4 (350 mg, 0.92 mmol) in a tetrahydrofuran-water mixed solution (3 ml / 1 ml) was added to lithium hydroxide (115 mg, 2.7
6 mmol) and stirred at the same temperature for 30 minutes. After washing the reaction solution with ether (three times), a 2% aqueous hydrochloric acid solution is added until it becomes acidic. Extract with ether (4 times), dry and concentrate under reduced pressure. 10% palladium-carbon (50 mg) is added to a methanol solution (3 ml) of the residue, and the mixture is stirred overnight under a hydrogen atmosphere.
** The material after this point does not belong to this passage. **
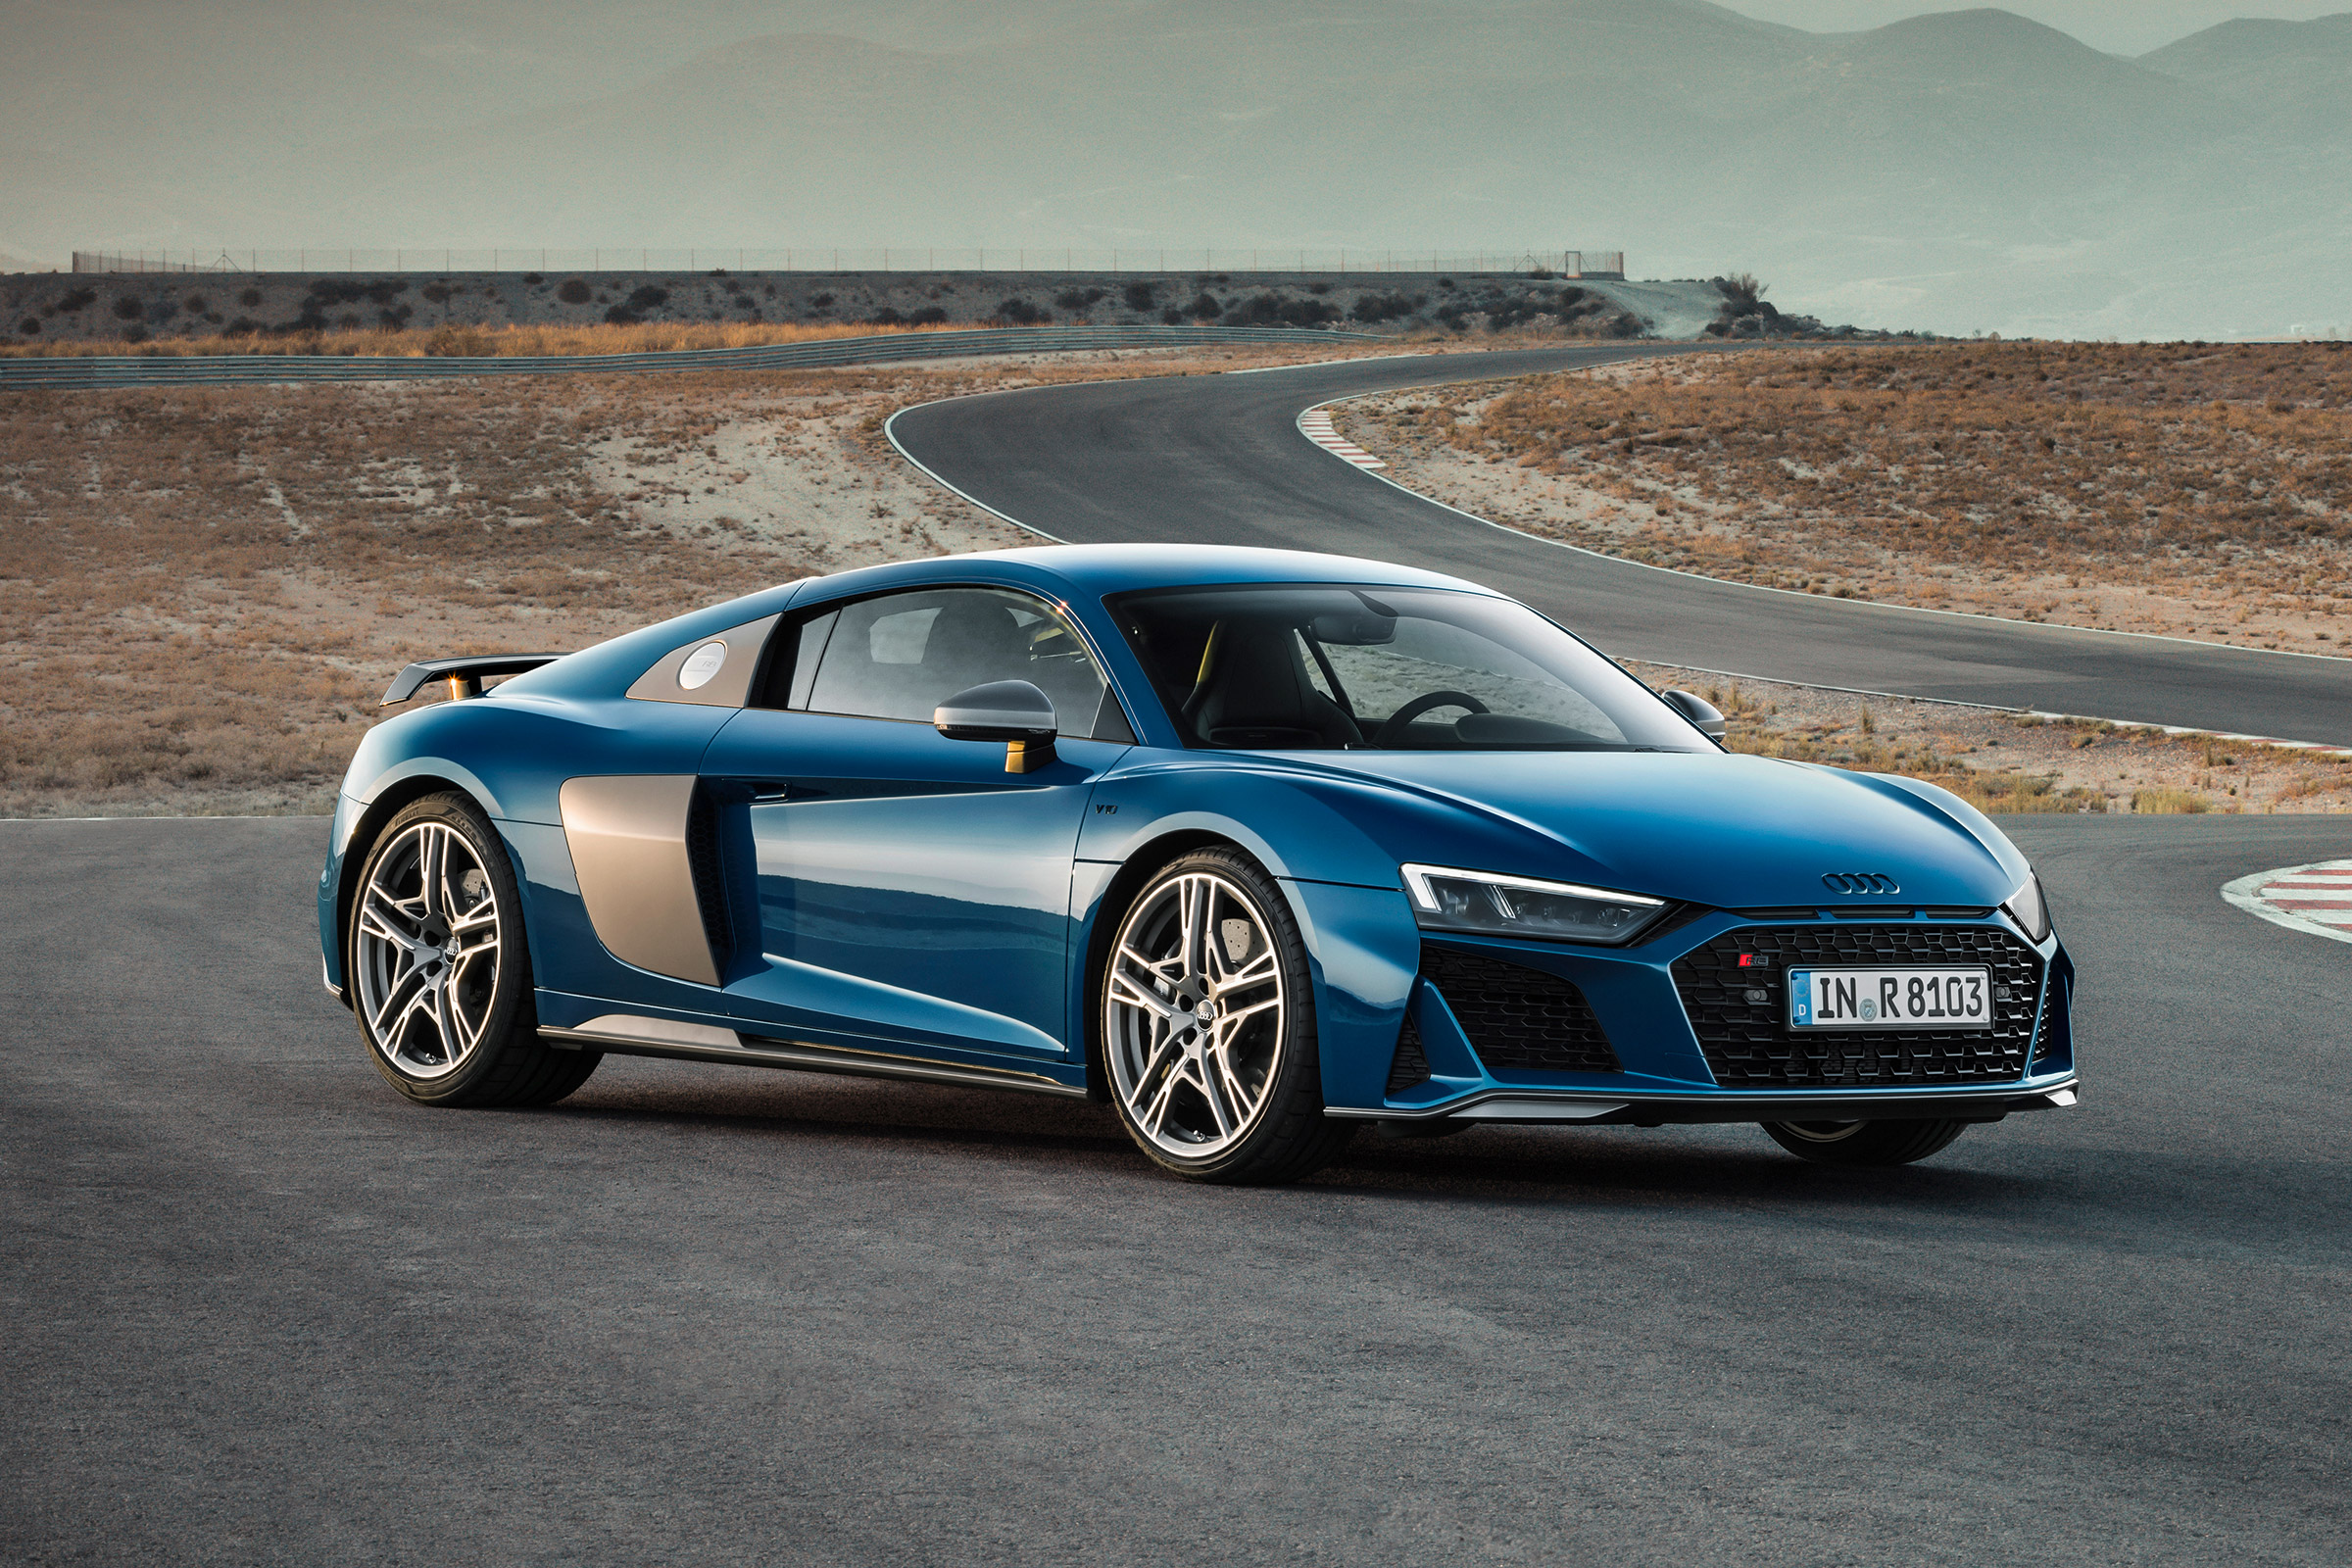 New Audi R8 revealed: More performance, more precision | Evo

After filtration and concentration under reduced pressure, the obtained crude crystals were washed with ether to obtain 110 mg (yield: 65%) of the target 4,4-difluoroglutamic acid (1).
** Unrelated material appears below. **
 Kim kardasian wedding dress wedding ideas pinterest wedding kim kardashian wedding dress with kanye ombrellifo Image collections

Property of 1: white crystal [α] _D : −5.38 (c = 1.04, H ₂ O).

IR cm ^-1 : 2120,1785,1708. ¹ H-NMR (D ₂ O) δ: 4.18 (1 H, dd, J = 3.4,8.4 Hz), 2.70 (1 H, ddt, J = 3.4,14.0, J _HF = 16.0 Hz), 2.53 (1H, ddt, J = 8.4,14.0, J _HF = 16.0Hz). ¹⁹ F-NMR (CDCl ₃ ): −38.9 (t, J = 16.0 Hz), MS m / z: 354 (M ⁺ −N ₂ ), 323,204.

──────────────────────────────────────────────────の Continued on the front page (51) Int.Cl. ⁶ Identification code FI C07C 59/74 C07C 59/74 69/716 69/716 Z 69/738 69/738 Z 205/58 205/58 233/04 233 / 04 233/11 233/11

Claims (1)

(57) [Claims] An adduct formed by reacting a 2,2-difluoroketene silyl acetal represented by the following formula [I] with an unsaturated compound represented by the following formula [II] is further hydrolyzed or electrophilically added. A process for producing a 2,2-difluorocarboxylic acid derivative represented by the following formula [III], which is subjected to a reaction. However, R ¹ represents a residue of a monohydric alcohol, R ² , R ³ , and R ⁴ are the same or different, and represent an alkyl group, an aryl group, and an aralkyl group, and R ⁵ , R ⁶ , and R ⁷ are the same or different. Hydrogen atom,
Alkyl group, an aryl group, an aralkyl group, R ⁸
Represents a hydrogen atom or a monohydric alcohol residue. A represents an electron-withdrawing group such as a formyl group, an acyl group, an ester group, an amide group, and a nitro group. Alternatively, R ⁷ and A together represent a keto group-containing alkylene group. X represents a hydrogen atom or a halogen atom.